Introduction

Optimization of groundwater monitoring well networks includes both spatial optimzation and temporal optimization. Temporal optimization is concerned with identifying an optimal frequency of sample collection. In contrast to spatial optimization, temporal analysis is not designed to determine which well locations might be redundant and perhaps unnecessary to the monitoring program. Rather, the goal of temporal optimization is to examine and optimize well sampling frequencies for currently existing locations.

The frequency of sampling necessary to achieve the temporal objective of monitoring can be based on trend detection, accuracy of estimation of periodic fluctuations, or accuracy of estimation of long-term average concentrations. A method that can be used to determine sample frequency is based on an analysis of historical concentration trends that can be reconstructed when sampling events are iteratively removed from the monitoring program. The minimum frequency of past sampling events that can re-produce the same general concentration trend that has been observed when using all sampling events is used as a basis for the recommended future sample frequency. This approach is referred to as “Iterative Thinning.” Because each well is analyzed separately, it is quite possible to have a different recommended sampling interval for each well after applying the Iterative Thinning routine. However, the optimized sampling intervals can be analyzed as a whole and the median optimal sampling interval determined for all monitoring wells or a subset of those wells.

Procedure

The Iterative Thinning approach presented in this Stats Factsheet is based on an algorithm published by Cameron (2004). Iterative Thinning also is used in the Visual Sample Plan (VSP) software (PNNL 2014) and AFCEE’s Geostatistical Temporal-Spatial (GTS) groundwater optimization software (ESTCP 2010) to evaluate monitoring well sampling frequency. The objective of the algorithm is to identify the frequency of sampling required to reproduce the temporal trend of the full dataset.

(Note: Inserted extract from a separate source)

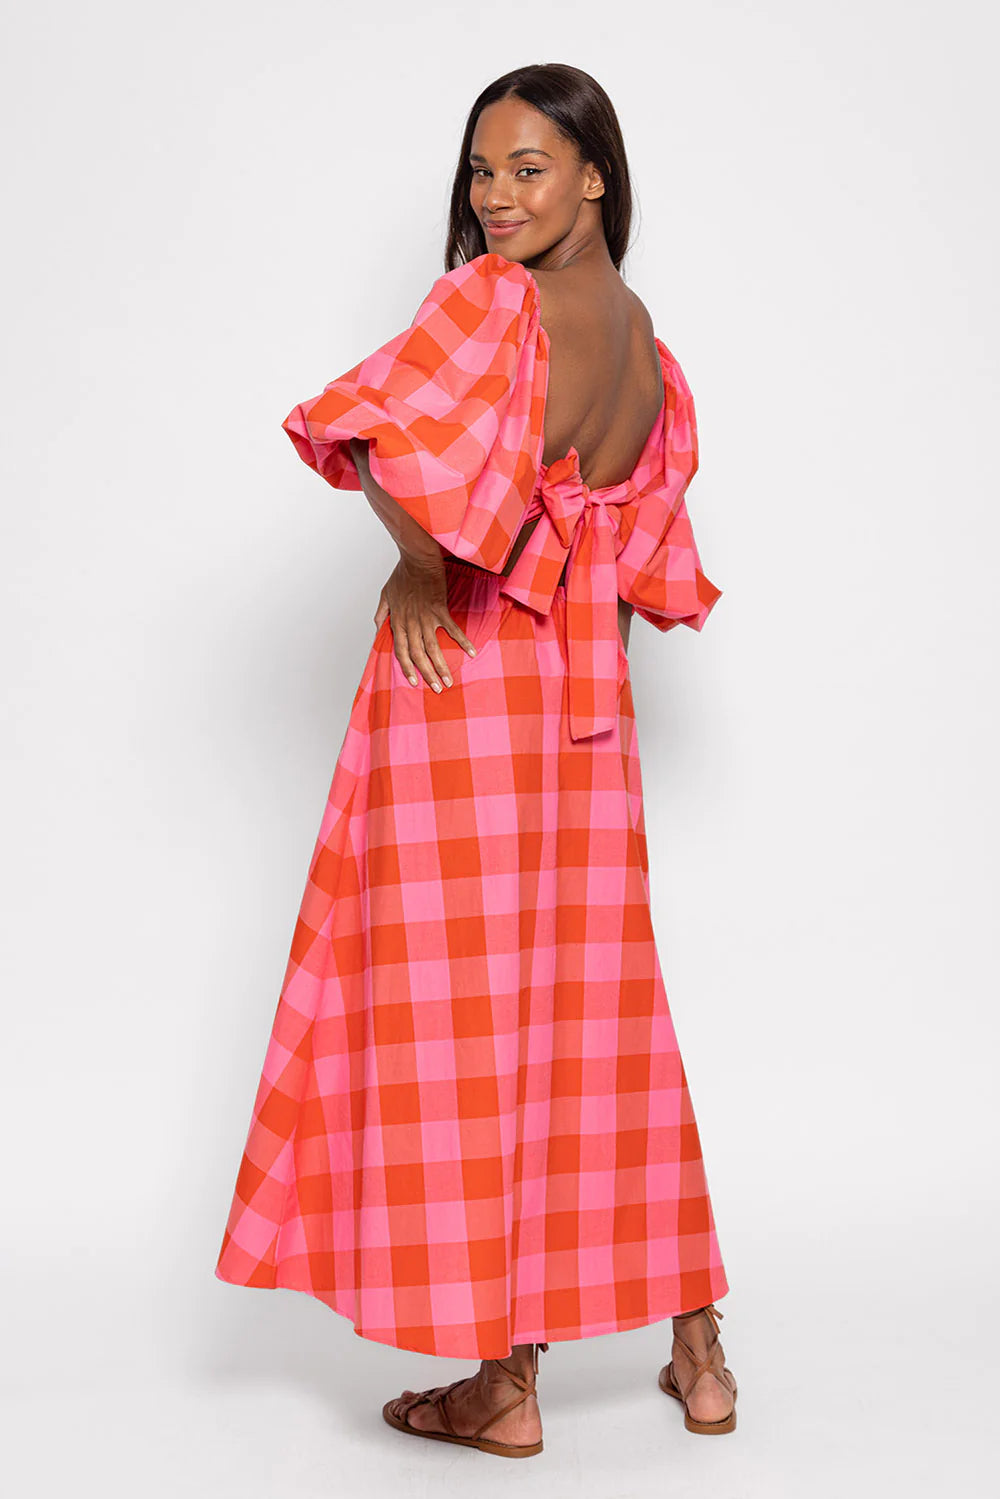 Large gingham red and pink dress with huge puff sleeves sweetheart neckline and A line midi/maxi length skirt

The following steps are used to optimize the sampling frequency for a given well and constiutent using the Iterative Thinning approach:

1. Determine the current average sampling interval using the existing, historical data.

2. Fit a trend to these initial data along with statistical confidence intervals around the trend.

3. Iteratively remove, at random, certain fractions of the original data.

4. Re-estimate the trend based on the reduced dataset to determine whether the trend still lies within the original confidence bounds.

5. If too much of the new trend falls outside the confidence intervals, stop removing data and compute a new, optimized sampling interval based on the remaining observations.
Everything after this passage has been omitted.